Then, yes, absolutely, the “stakes are high” in The Great Game. It’s true that Amobi has long been infatuated with the intersection of Western canonical iconography, specifically with the metaphorical fall possible within an eternal struggle against the impossible — a plight tempered and enhanced not only by Rabit’s own fiery beat-craft, but also by his use of space and its ability to hone and accentuate vulnerability. The intersection is epitomized in their use of Rodin’s “The Gates of Hell” as cover art, a decision tying together Dante and the Furies to the absolute havoc raised through the mix’s quick 38 minutes.
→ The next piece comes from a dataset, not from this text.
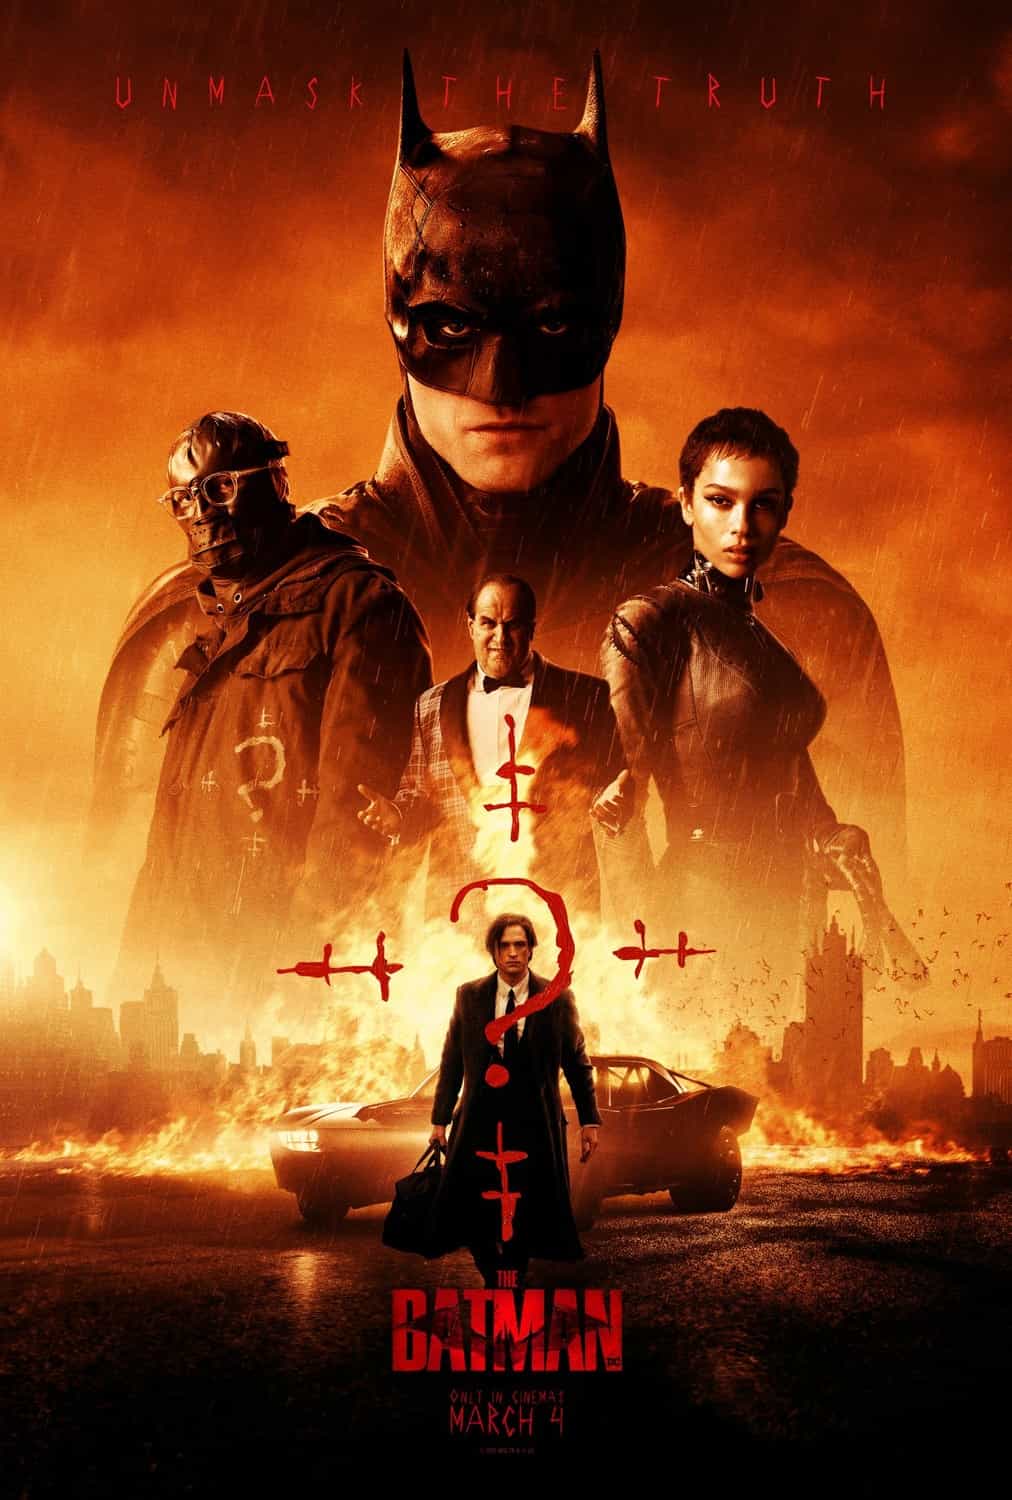 World Box Office Weekend Report 25th - 27th March 2022: Batman remains at the top while The Lost City is the top new movie at number 2

After all, the “Purfication of the Furies” can only be known in reference to the Titan Cronus’s castration of his father Uranus, an incident that resulted in the Titan throwing his father’s genitalia into the ocean. The Furies emerged from the bloodshed that rained unto the earth; they were born as tormentors responding to injustice, giving “purification” the connotation of an atonement to the ancient deities. As such, their modern commentary contains a constructed hellish mythicism: painful and noble in equal measure.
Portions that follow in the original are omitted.